PROVIDED INFORMATION section start

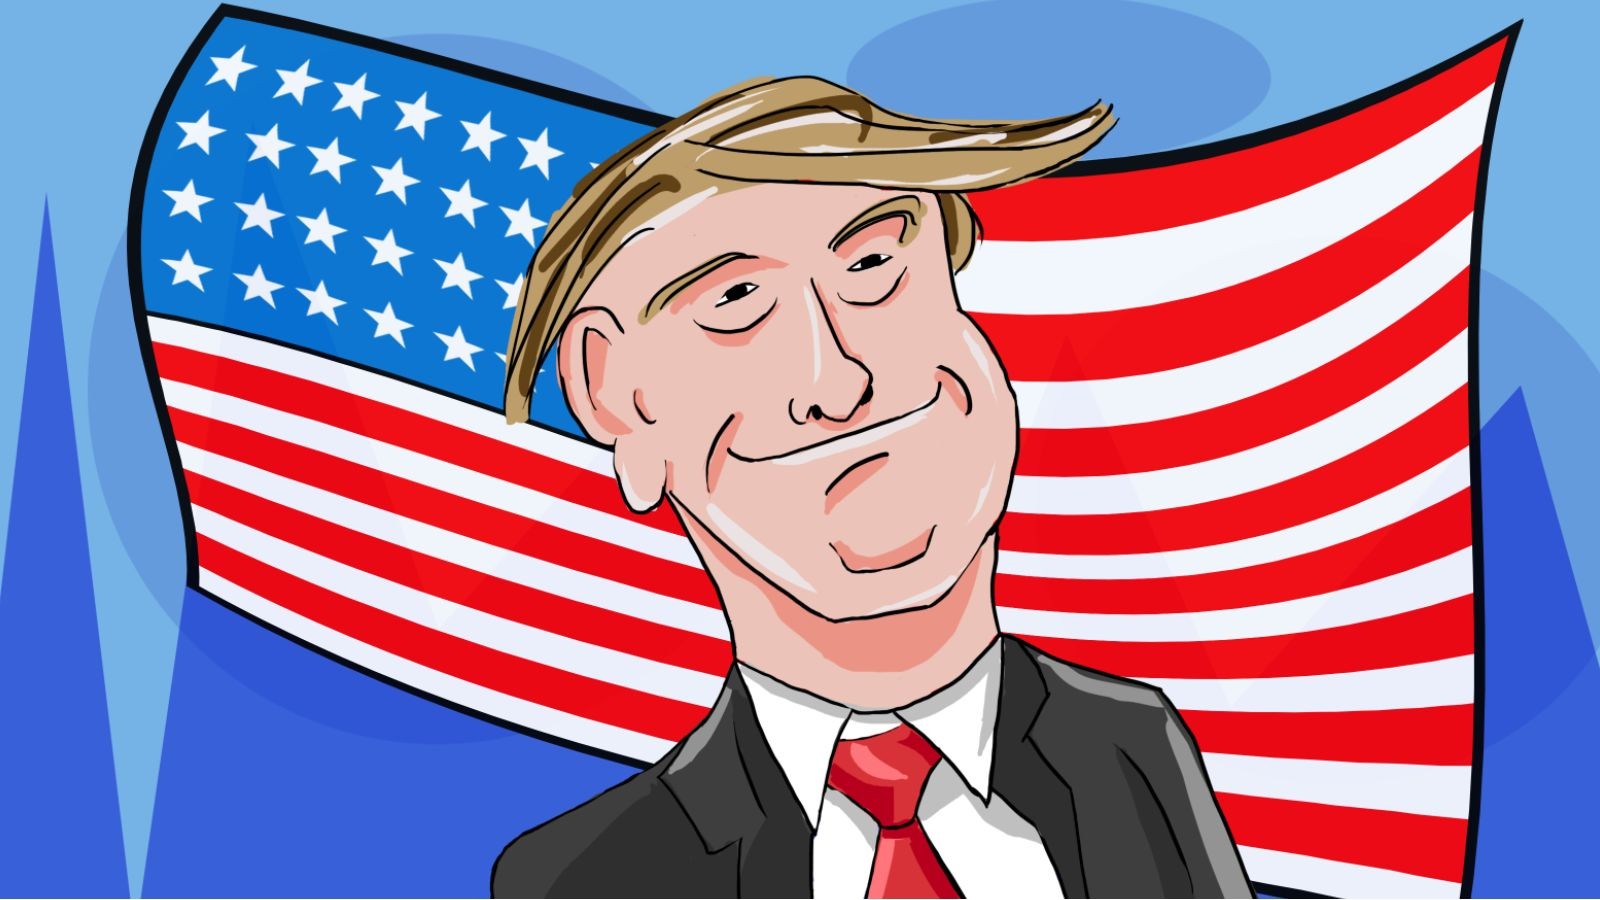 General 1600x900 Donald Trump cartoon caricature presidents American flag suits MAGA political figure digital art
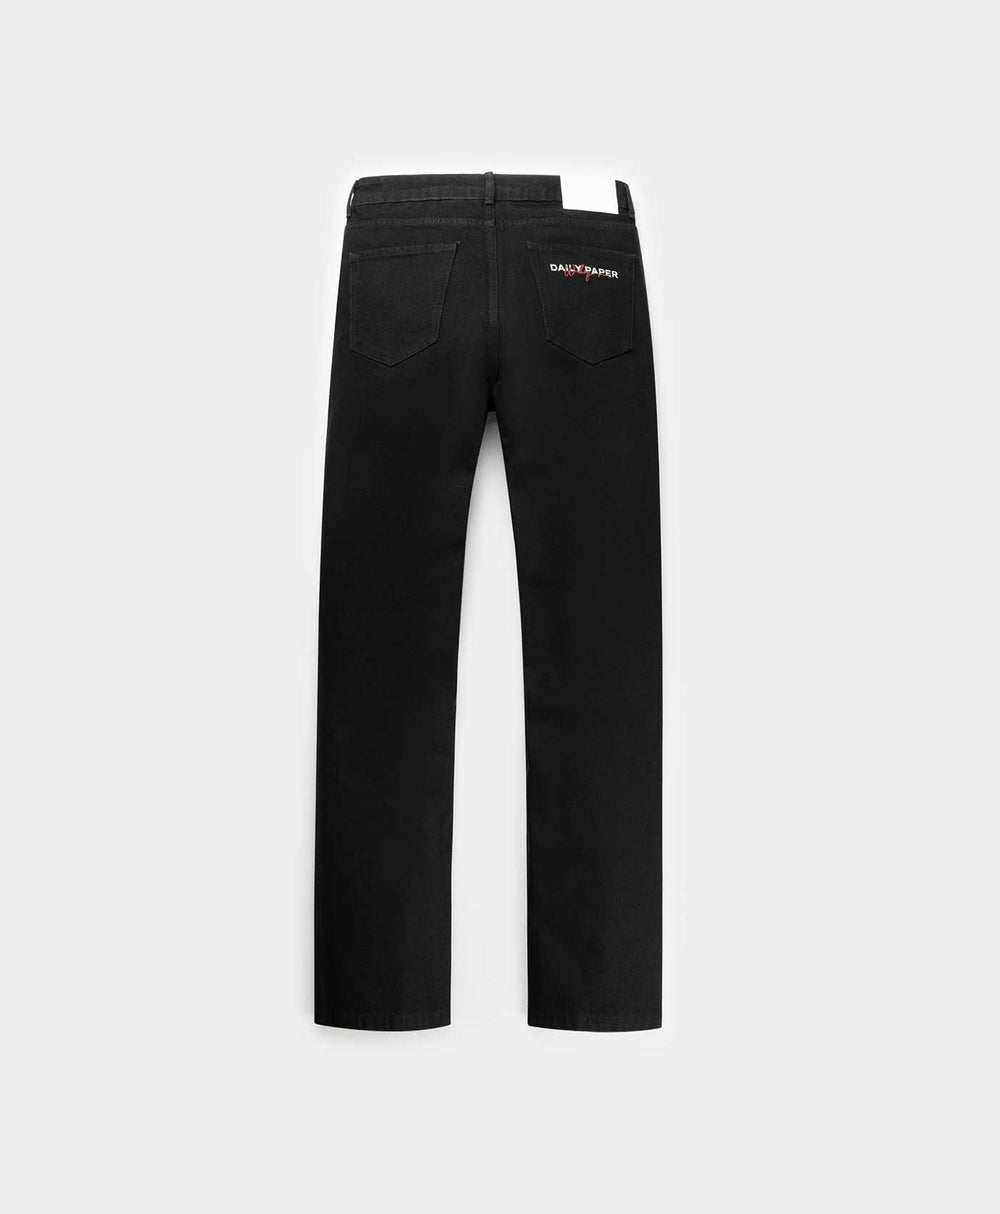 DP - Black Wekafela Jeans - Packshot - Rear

PROVIDED INFORMATION section end
PROVIDED INFORMATION section start

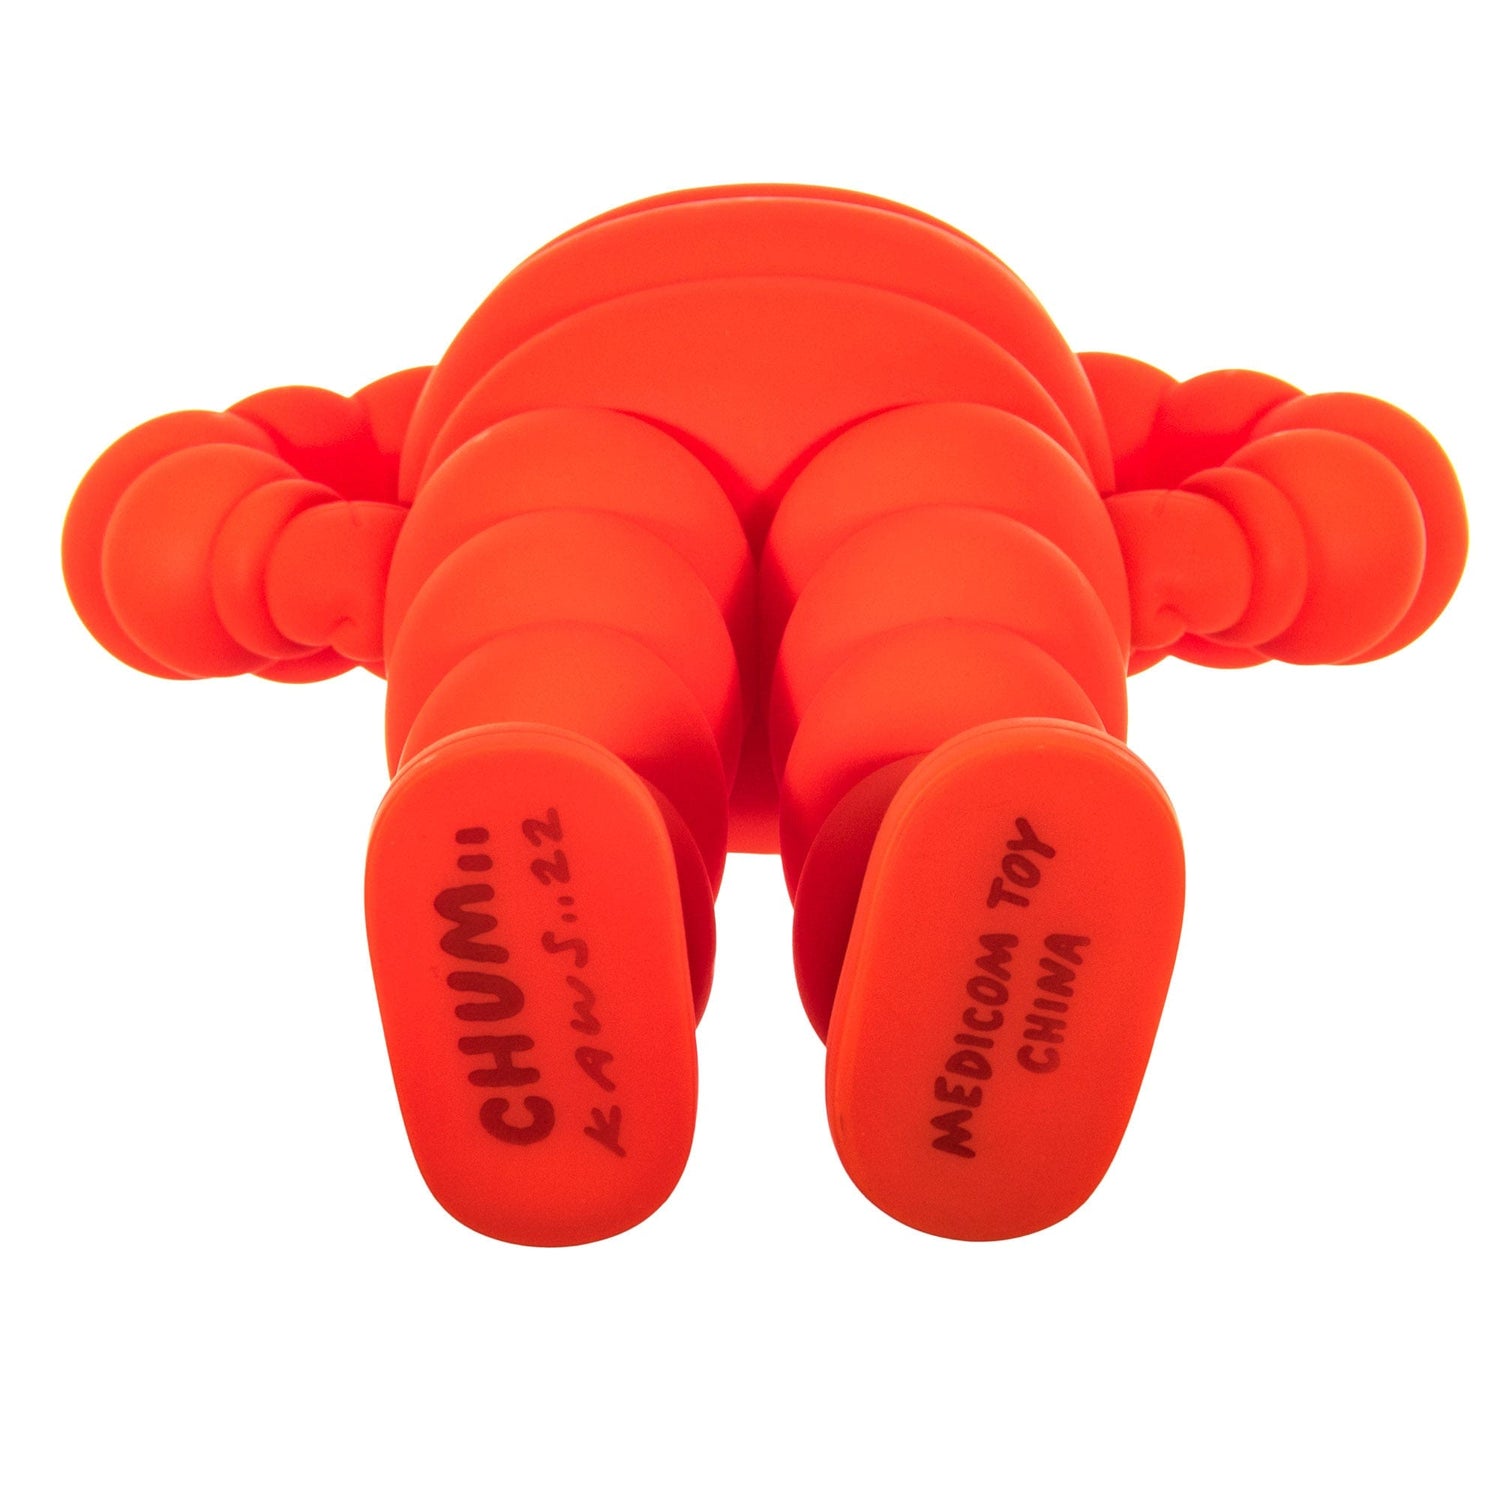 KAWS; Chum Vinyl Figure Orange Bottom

PROVIDED INFORMATION section end
PROVIDED INFORMATION section start

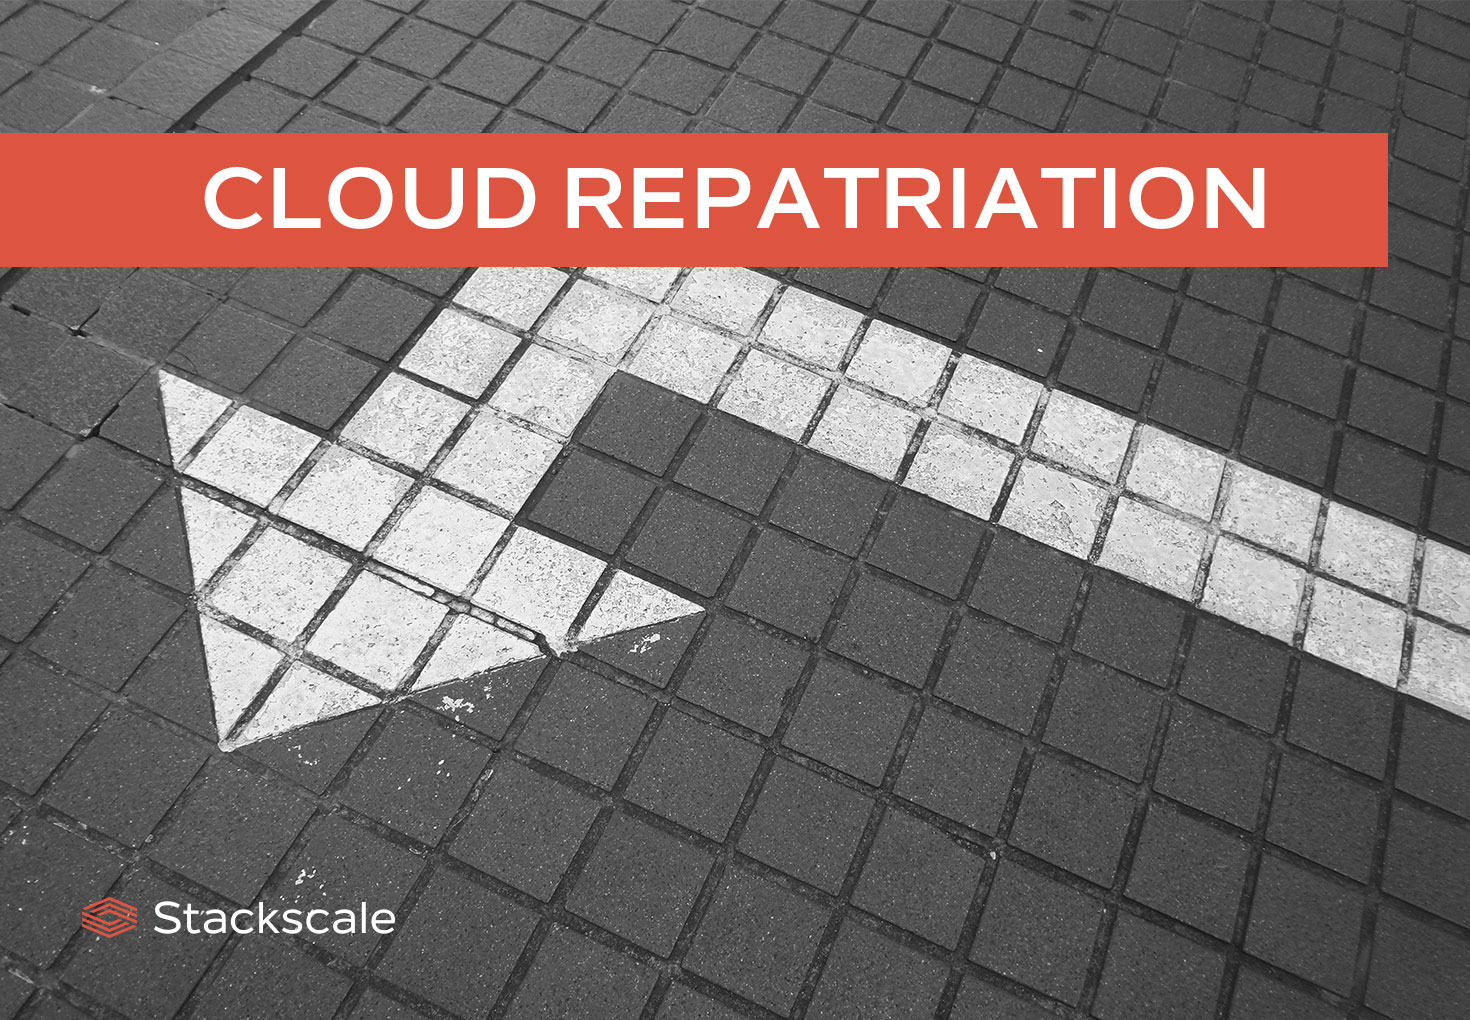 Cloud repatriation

PROVIDED INFORMATION section end

YOUR TASK -
All pictures are to be skipped. Output, word for word, the lines in the data above starting at the line containing "General 1600x900 Donald" and ending at the line containing "DP - Black Wekafela Jeans - Packshot - Rear".

SOLUTION FOR THIS TASK -
 General 1600x900 Donald Trump cartoon caricature presidents American flag suits MAGA political figure digital art
 DP - Black Wekafela Jeans - Packshot - Rear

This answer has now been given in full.